I wasn’t convinced that I could turn any of this into a positive. But, incredibly, it has happened in a short space of time. Instead of simply giving up, I kept interested in art with activities that have nothing to do with my project (but of course everything has an influence on one’s practice): I went to see shows such as Magdalena Abakanowicz, Maria Bartuszová and Yayoi Kusama at Tate Modern, Carol Schneeman at the Barbican, Lynette Yiadom-Boakye at Tate B, Peter Doig at the Courtauld – and I returned to the cinema, where I became mesmerised by the funny and moving Broker and the hauntingly desperate Gotland.

It was with Abakanowicz’s monumental hanging sculptures that I saw strong links with my work. A member of the fibre art movement, she saw the material, “as the basic element constructing the organic world… the tissue of plants, leaves and ourselves”1. This is how I view paper - it comes from trees and by manipulating them into tree-like sculptures, I bring nature into my work.

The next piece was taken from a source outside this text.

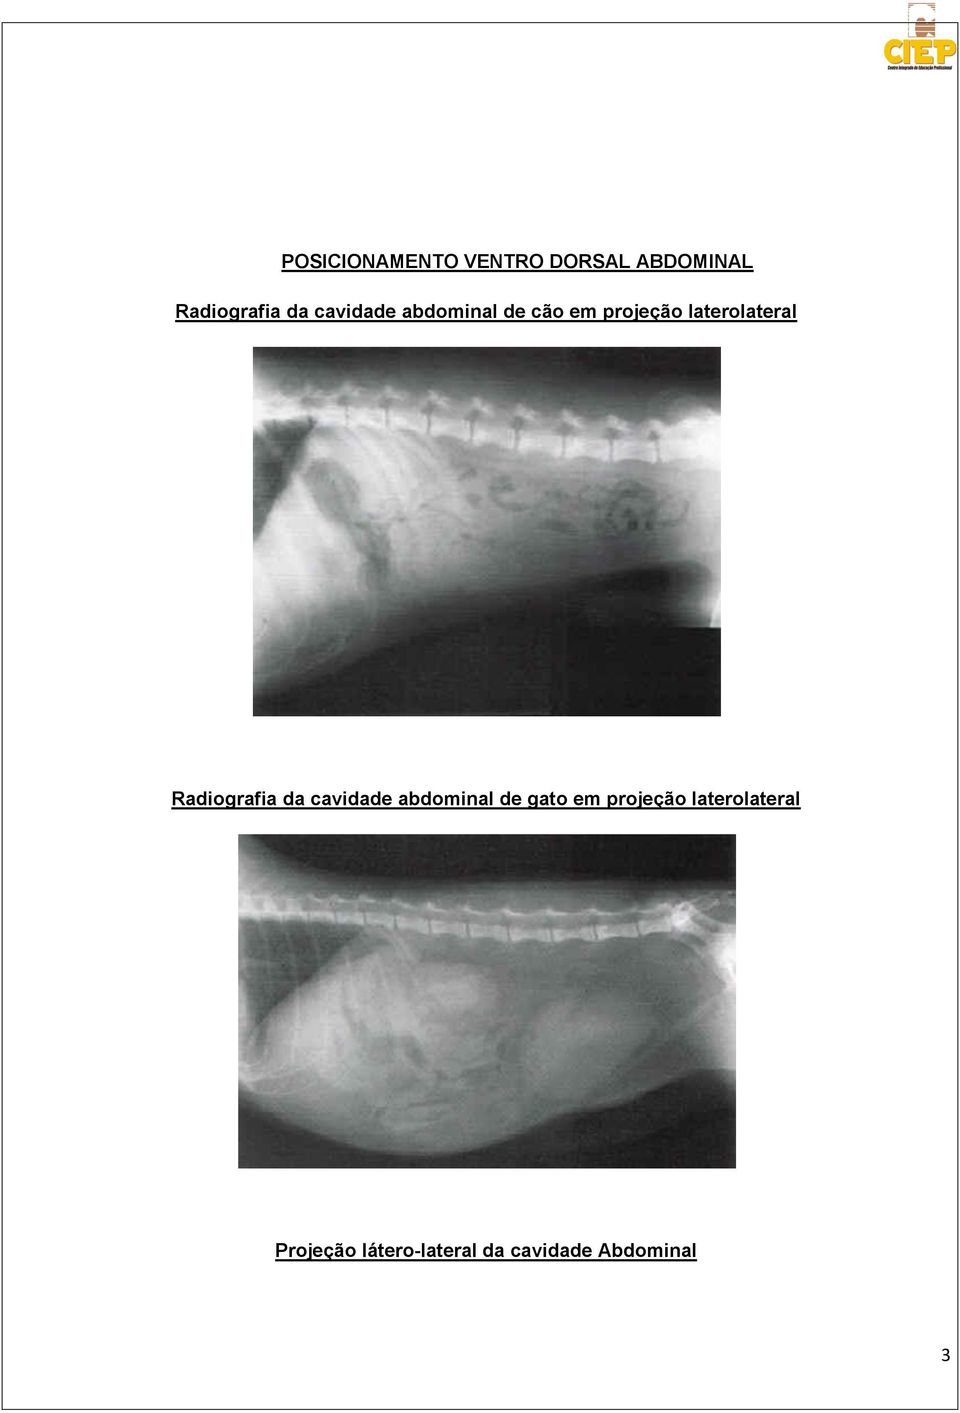 Radiografia da cavidade abdominal de gato em projeção

And the cycle perpetuates: when viewers see my work, they recognise - consciously or subconsciously - the forms and so nature is absorbed back into their psyche.

Turning points
Visiting lecturers Julie Hill, Karen David and Florence Peake also worked their magic, so that slowly I was drawn back into the project with different perspectives: Julie with her crumpled paper sculpture Dark River that got me thinking about the materiality of paper and how working with that would be kinder to my body than cardboard; Karen with a fictioning workshop, where I reassessed whether my installation should be based on an overgrown secret garden or one that is more abstract, more zen; and Florence who, through communicating with her entire body, made me realise that, despite my infirmities, my body was still physically relevant to my practice, that it could still have a positive impact on how I work.

Turning frustration into art: Manuel Solano’s Giving the Finger shown at DCA 2022. Photo Shirley A

Giving up? No way
In fact, Manuel Solano – whose practice is similar to mine being based on childhood moments affected by family, friends, TV, film and pop music – completely transformed their way of working when they lost their eyesight in 2014. Since then, Solano has reconfigured their practice and created a body of work in painting, sculpture and film using tactile mapping techniques with pins, string and pipe cleaners to form shapes that they can feel with their hands. Their Giving the Finger reflected the anger they felt at having lost their sight: “I wanted to give the finger to everybody who would look at this painting, just because they could look at it.”2

While I’ve never felt that I need to give the finger to anyone regarding my health, I admire Solano’s tenacity in continuing their practice, particularly painting, which many would have expected them to give up. I’ve got to do what I need to do, otherwise, what am I?

  1. Laura Cummings, ‘Magdalena Abakanowicz: Every Tangle of Thread and Rope Review - A Wonder Weaver’, The Guardian, 20 November 2022, <https://www.theguardian.com/artanddesign/2022/nov/20/magdalena-abakanowicz-tate-modern-london-review-every-tangle-of-thread-and-rope> accessed 20 April 2023.

  2. Manuel Solano, The Top of Each Ripple, Dundee Contemporary Arts, 27 August-20 November 2022.